**Assigned task:**
An exact copy of the data is needed, one that excludes all pictures.

**Data:**
::::

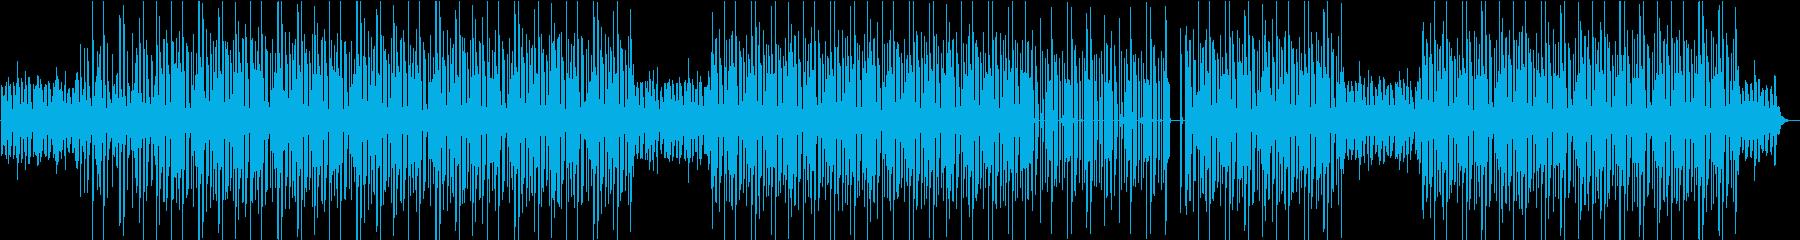 ローファイ系チル・ワークアウトBGMの再生済みの波形
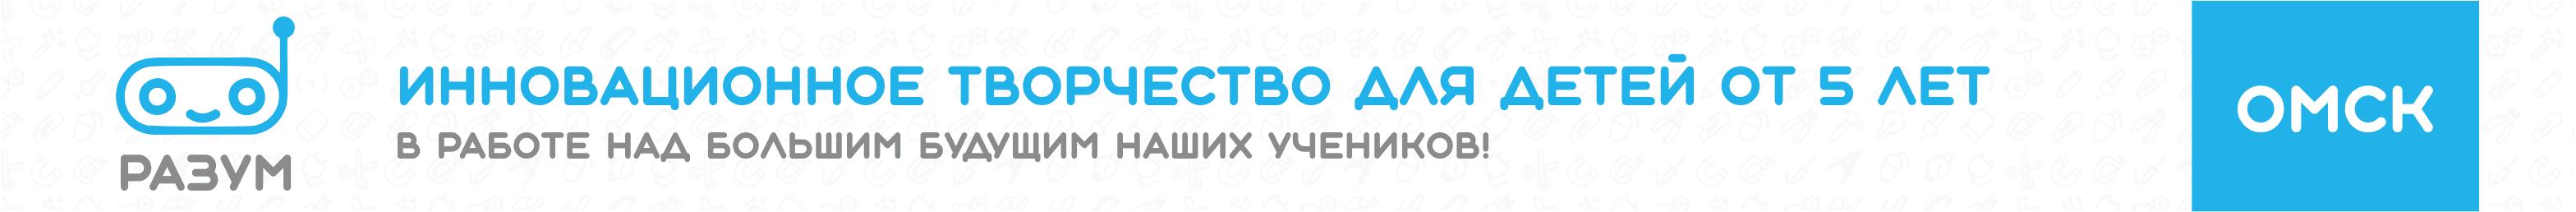 Центр РАЗУМ | Робототехника и программирование для детей | Школа инженера в Омске
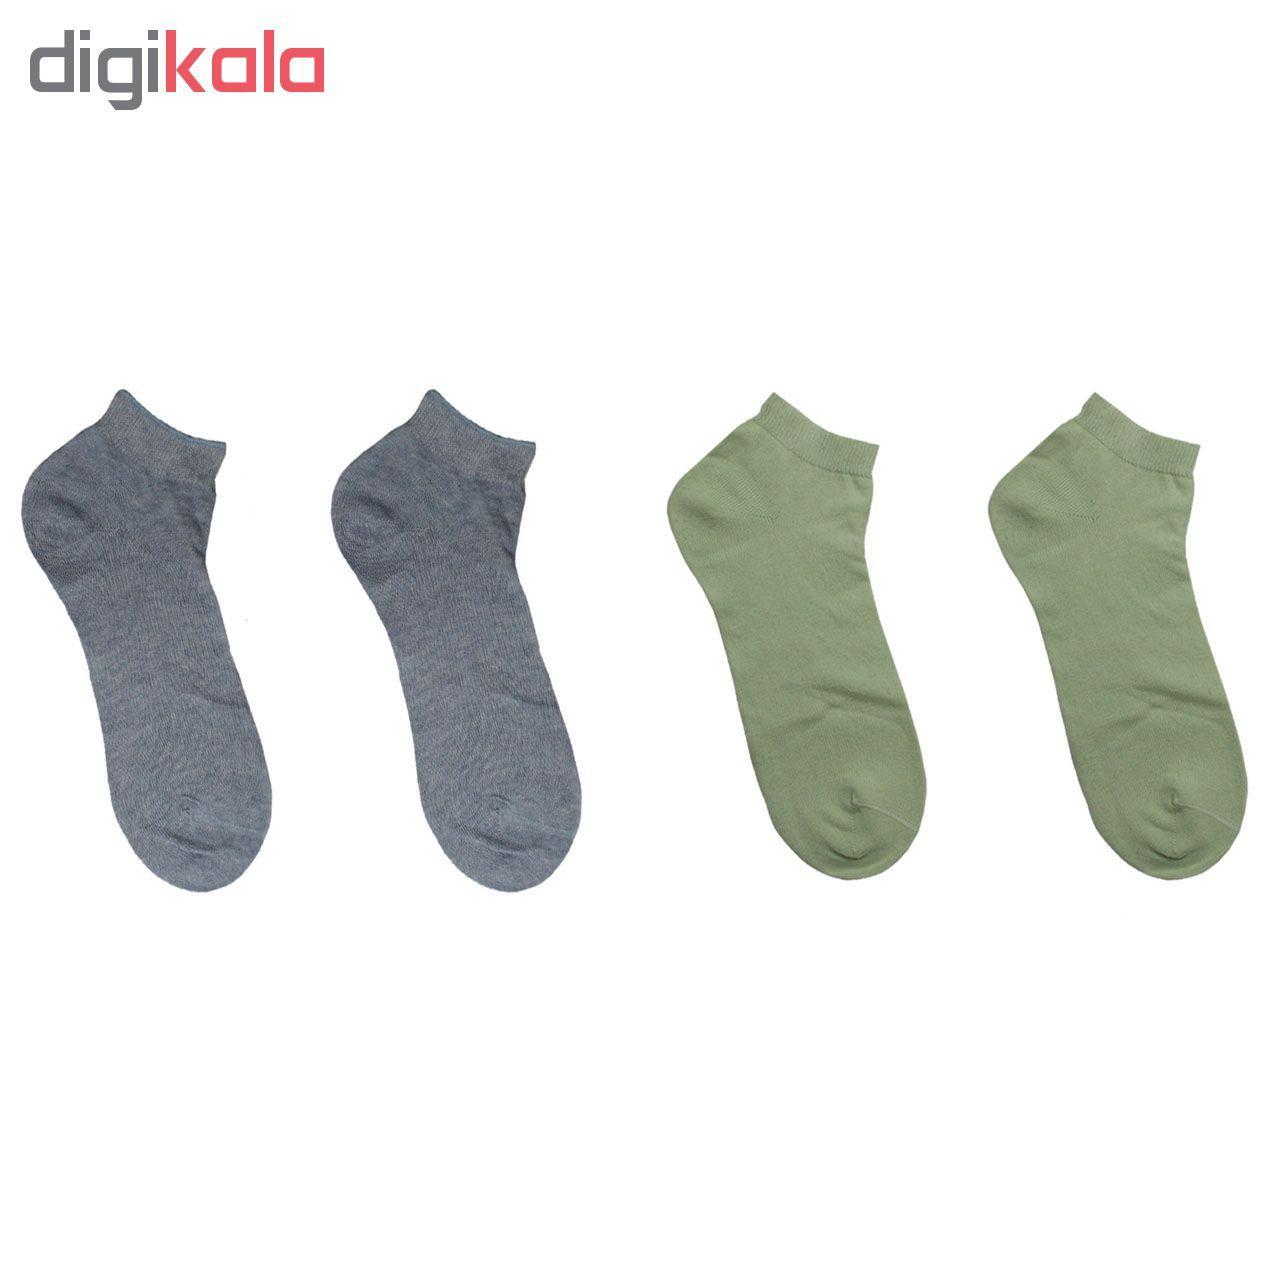 جوراب مردانه نوردای آلمانی آبی سبز کد 394413/1 بسته 4 عددی main 1 1

::::

**Result:**
 ローファイ系チル・ワークアウトBGMの再生済みの波形
 Центр РАЗУМ | Робототехника и программирование для детей | Школа инженера в Омске
 جوراب مردانه نوردای آلمانی آبی سبز کد 394413/1 بسته 4 عددی main 1 1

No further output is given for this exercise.